I was a student in 2nd year and was in school giving my exam on 16th December. I went down to use the bathroom exactly at 10:30 am and while I was inside I heard shots firing. I came out to see what was happening outside and the first thing I saw was a man with an AK47 in his hand.
As soon as he saw me on the other side of the grill, he fired shots at me. I would have been the first student martyr of the massacre but I was fortunate enough that the bullet hit the wall instead. He shouted ‘Odreka’ meaning ‘Stop’ but I hid behind the pillar and two more shots were fired. I think he did not want to waste his time and moved to the auditorium instead.
I was fortunate enough to slip past him to the nearest class where already 28 students in 7th grade were present. After 15 minutes when a few managed to escape from the auditorium, I lead them the way to the class. I saved those 15 and barricaded the door and came out in the corridors to rescue children and injured. I wanted to go to my friends who were still there but I couldn’t manage to find a way around the firing and grenades.
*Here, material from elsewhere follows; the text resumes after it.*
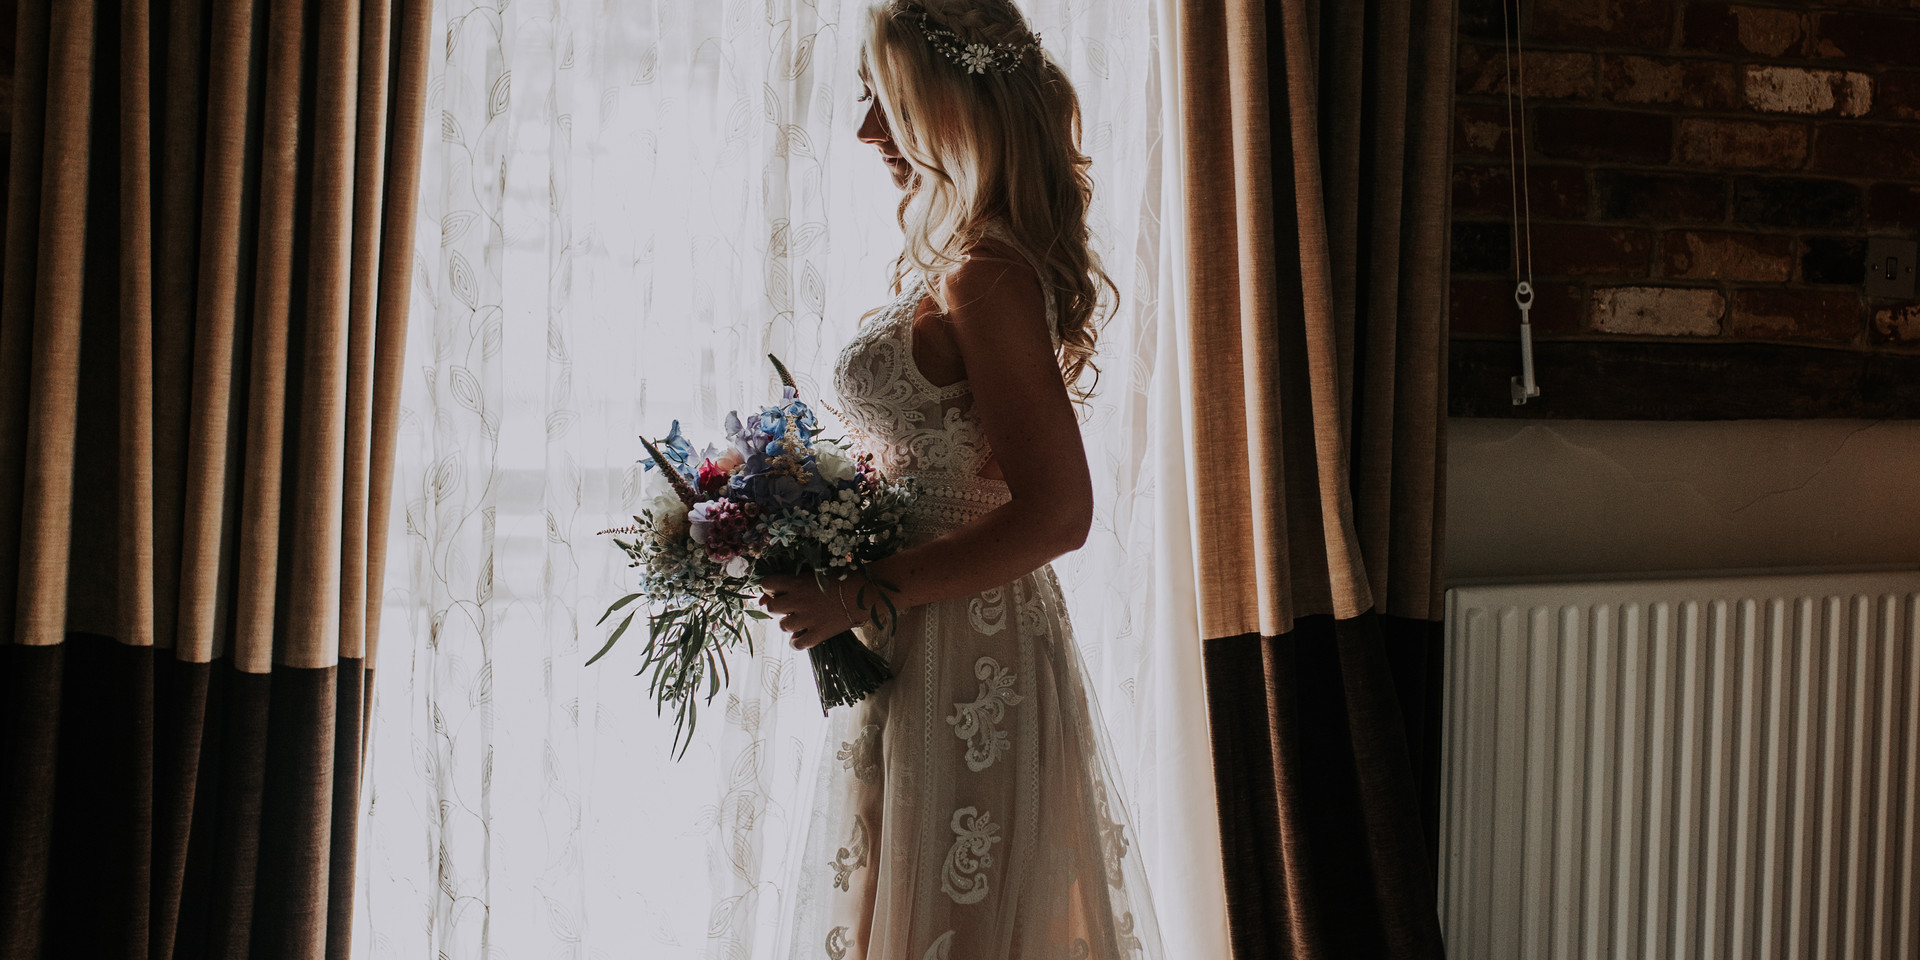 Bride at the windo at Riverdale Barn

I lost 17 of my friends and buried them myself.
Funerals, misery, and darkness clouded my life and sent me into the abyss of loneliness. I now plan to continue my studies and join the Pakistan army not only because of my 17 friends but because of the loss of 50,000. If I had to compare myself before the attack and after, I would say that I now want to live for others. I believe that nothing can destroy us, and we have to stand for those who want us to stand. The burial of 17 haunts me, I miss them, I need them. They were my life, it is not easy to start over again.